Interleaving String
Difficulty: Medium Source: NeetCode
Problem
Given strings
s1,s2, ands3, returntrueifs3is formed by an interleaving ofs1ands2. An interleaving of two strings keeps the relative order of characters from each string but merges them together.Example 1: Input:
s1 = "aabcc",s2 = "dbbca",s3 = "aadbbcbcac"Output:trueExample 2: Input:
s1 = "aabcc",s2 = "dbbca",s3 = "aadbbbaccc"Output:falseExample 3: Input:
s1 = "",s2 = "",s3 = ""Output:trueConstraints:
0 <= s1.length, s2.length <= 100s3.length == s1.length + s2.length
Prerequisites
Before attempting this problem, you should be comfortable with:
- 2D DP on two strings — the same table structure as LCS
- Recursion with two pointers — advancing through two source strings simultaneously
1. Brute Force / Recursive
Intuition
Use two pointers i and j tracking how far we’ve consumed s1 and s2. The current character of s3 is s3[i+j]. At each step, we try matching it with s1[i] (advance i) or s2[j] (advance j).
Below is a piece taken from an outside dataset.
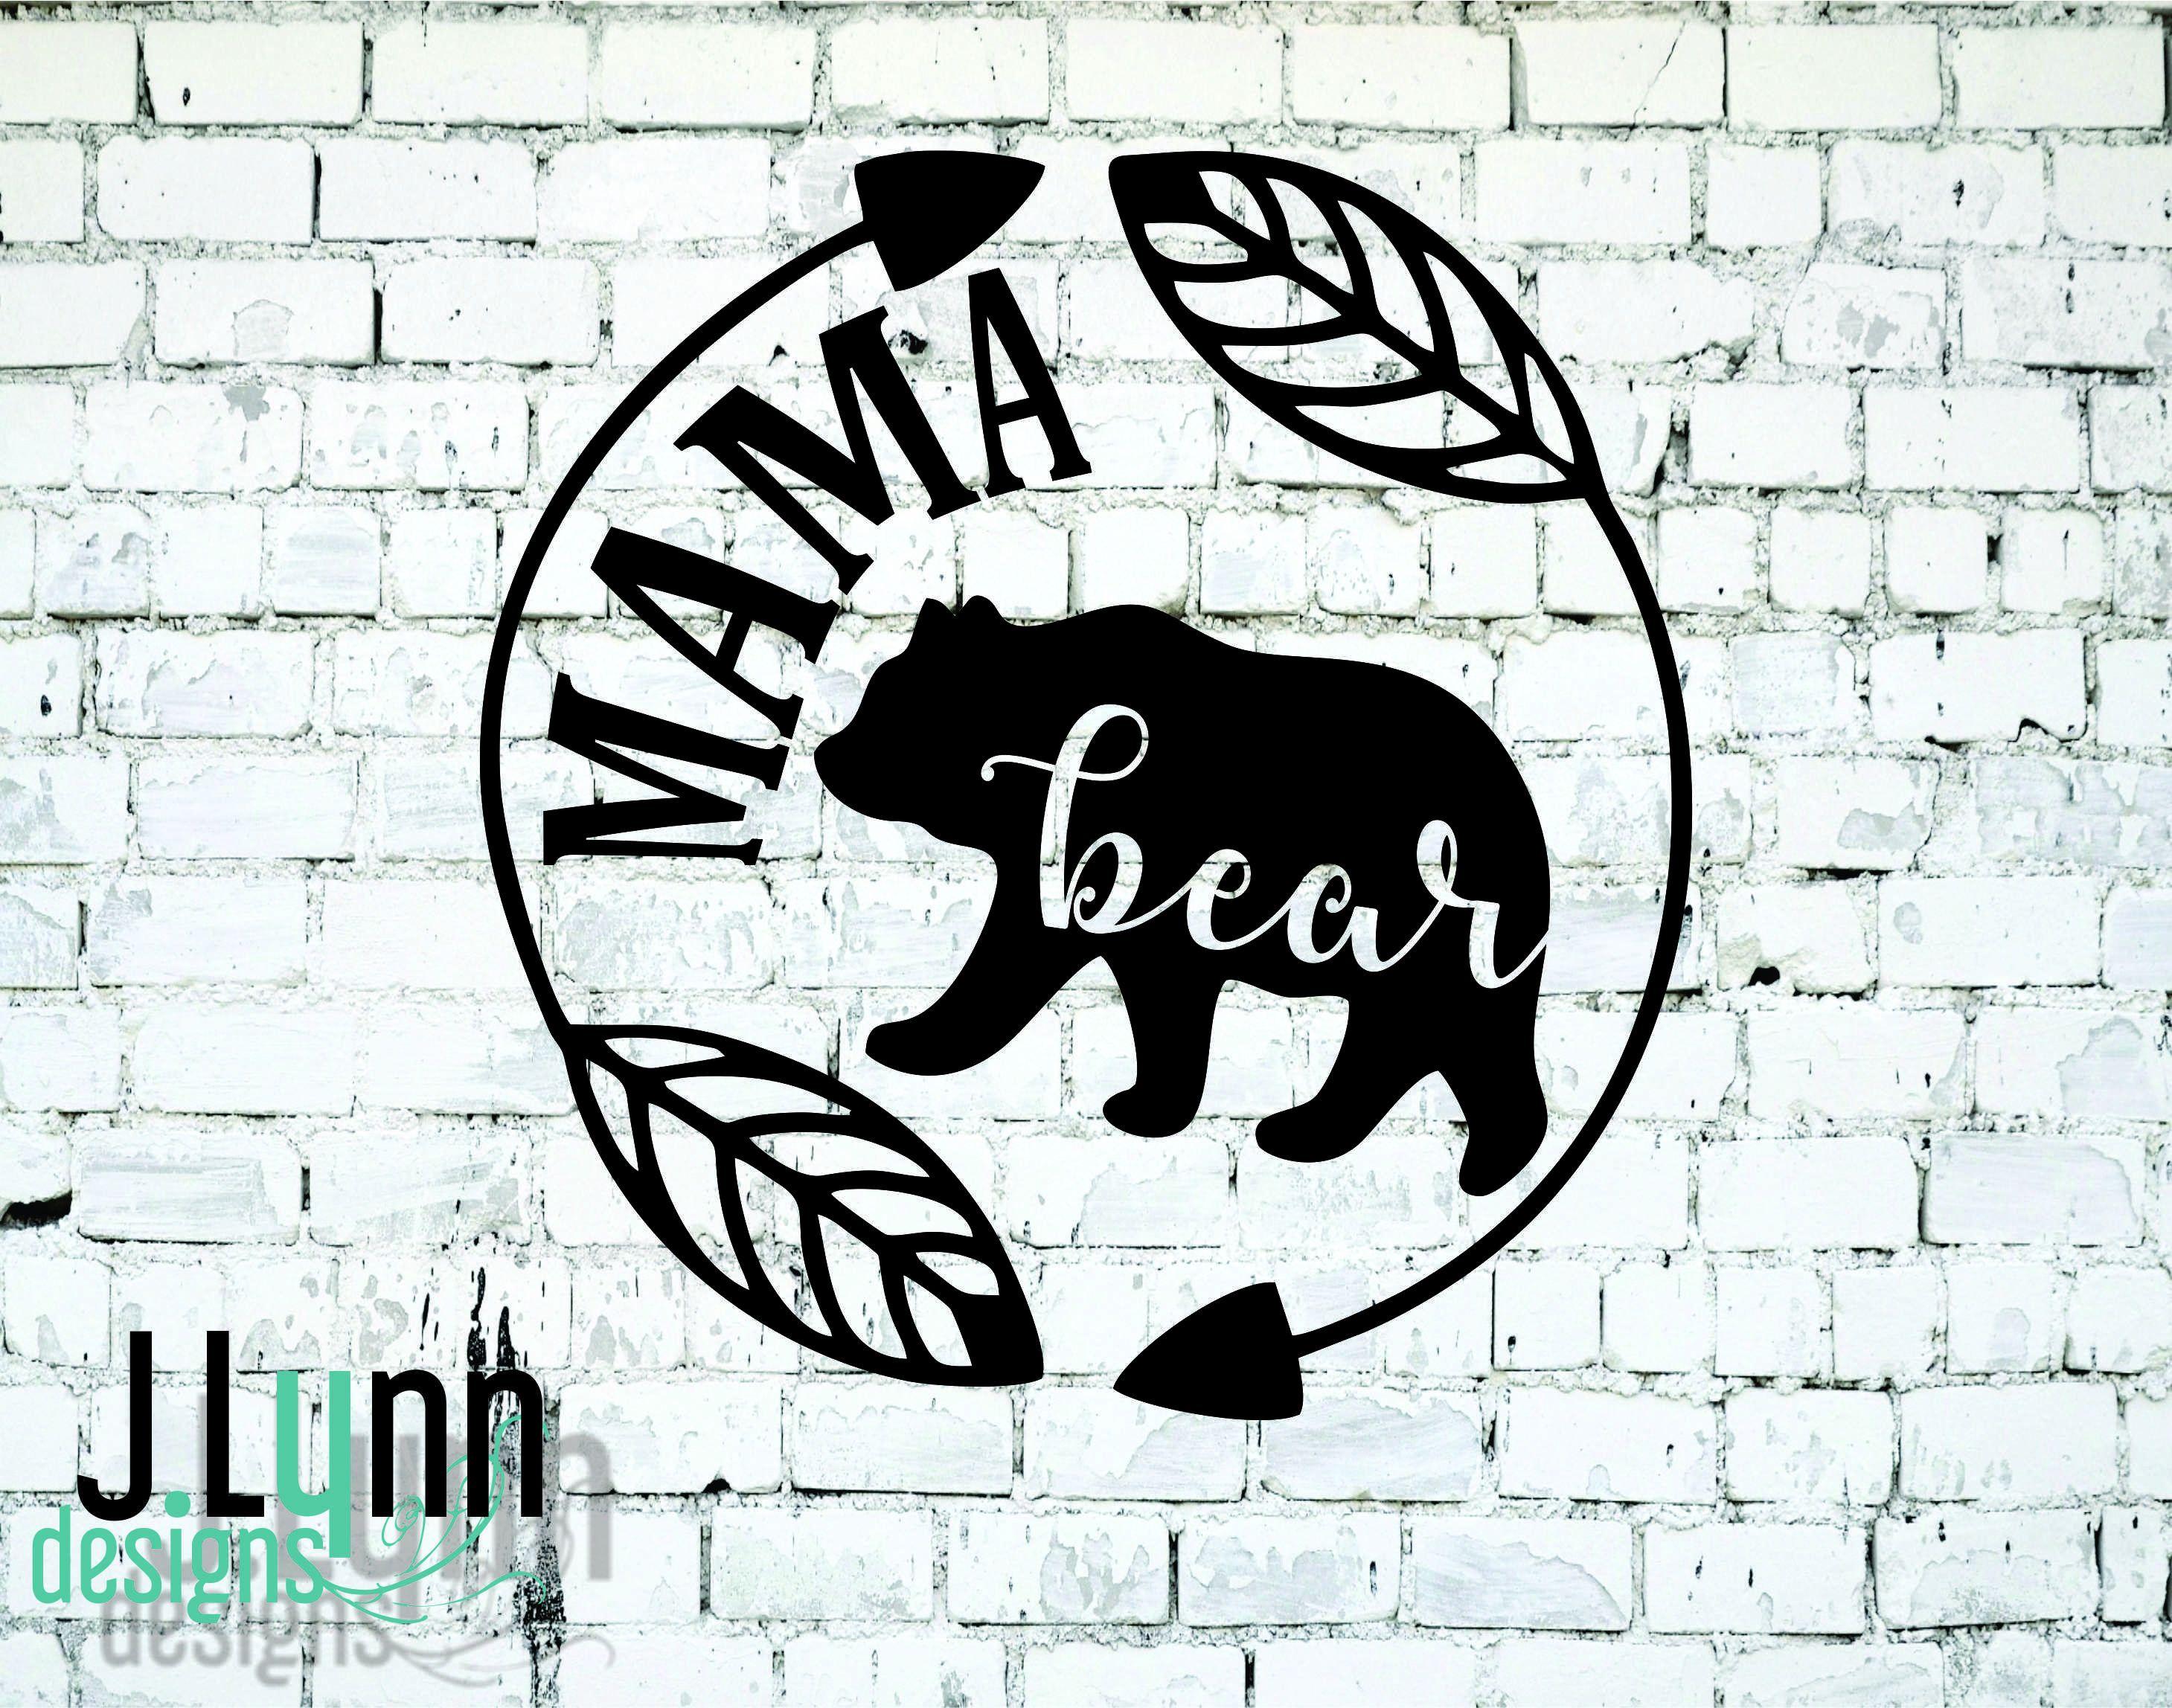 Holographic Mama Vinyl Decal Mama Car Sticker Laptop Etsy Tumbler Decal Vinyl Decals Holographic [ 1080 x 1080 Pixel ]
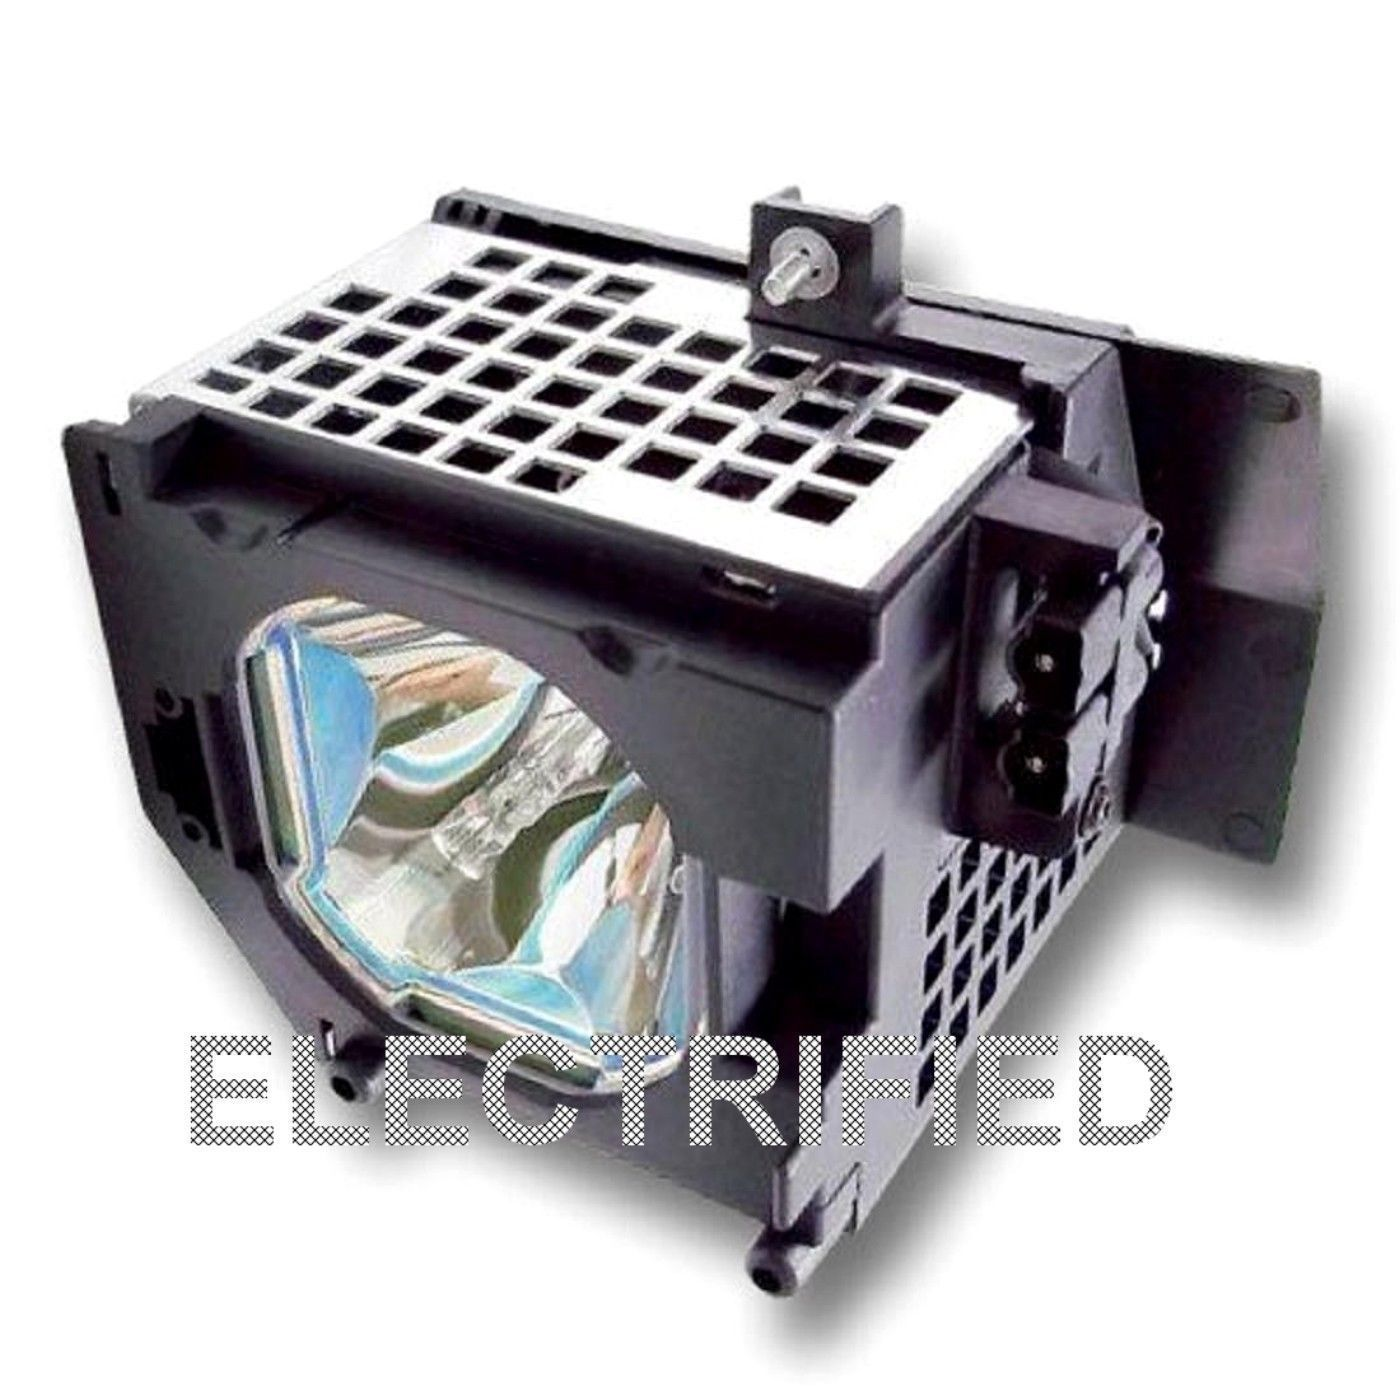 HITACHI UX-21514 UX21514 LM600 LAMP IN HOUSING FOR TELEVISION MODEL 60VS810

We succeed if we consume all of s1 and s2 simultaneously.
Algorithm
- Define
dfs(i, j)= cans1[:i]ands2[:j]interleave to forms3[:i+j]? - Base case:
i == len(s1)andj == len(s2)→ returnTrue. - If
i < len(s1)ands1[i] == s3[i+j], trydfs(i+1, j). - If
j < len(s2)ands2[j] == s3[i+j], trydfs(i, j+1). - Return
Trueif any path succeeds.
Solution
def isInterleave(s1, s2, s3):
if len(s1) + len(s2) != len(s3):
return False
def dfs(i, j):
if i == len(s1) and j == len(s2):
return True
if i < len(s1) and s1[i] == s3[i + j]:
if dfs(i + 1, j):
return True
if j < len(s2) and s2[j] == s3[i + j]:
if dfs(i, j + 1):
return True
return False
return dfs(0, 0)
print(isInterleave("aabcc", "dbbca", "aadbbcbcac")) # True
print(isInterleave("aabcc", "dbbca", "aadbbbaccc")) # False
print(isInterleave("", "", "")) # True
Complexity
- Time:
O(2^(m+n))— exponential without memoization - Space:
O(m+n)— recursion depth
2. Bottom-Up DP (Tabulation)
Intuition
Build a (m+1) x (n+1) boolean table where dp[i][j] is True if s1[:i] and s2[:j] can interleave to form s3[:i+j]. Start with dp[0][0] = True. Fill the first row using only s2 characters, and the first column using only s1 characters. For interior cells, it’s true if we can come from the left (match s2[j-1]) or from above (match s1[i-1]).
Algorithm
- If
len(s1) + len(s2) != len(s3), returnFalse. - Create
(m+1) x (n+1)dp table,dp[0][0] = True. - Fill first column:
dp[i][0] = dp[i-1][0] and s1[i-1] == s3[i-1]. - Fill first row:
dp[0][j] = dp[0][j-1] and s2[j-1] == s3[j-1]. - Interior:
dp[i][j] = (dp[i-1][j] and s1[i-1] == s3[i+j-1]) or (dp[i][j-1] and s2[j-1] == s3[i+j-1]). - Return
dp[m][n].
Solution
def isInterleave(s1, s2, s3):
m, n = len(s1), len(s2)
if m + n != len(s3):
return False
dp = [[False] * (n + 1) for _ in range(m + 1)]
dp[0][0] = True
for i in range(1, m + 1):
dp[i][0] = dp[i - 1][0] and s1[i - 1] == s3[i - 1]
for j in range(1, n + 1):
dp[0][j] = dp[0][j - 1] and s2[j - 1] == s3[j - 1]
for i in range(1, m + 1):
for j in range(1, n + 1):
from_above = dp[i - 1][j] and s1[i - 1] == s3[i + j - 1]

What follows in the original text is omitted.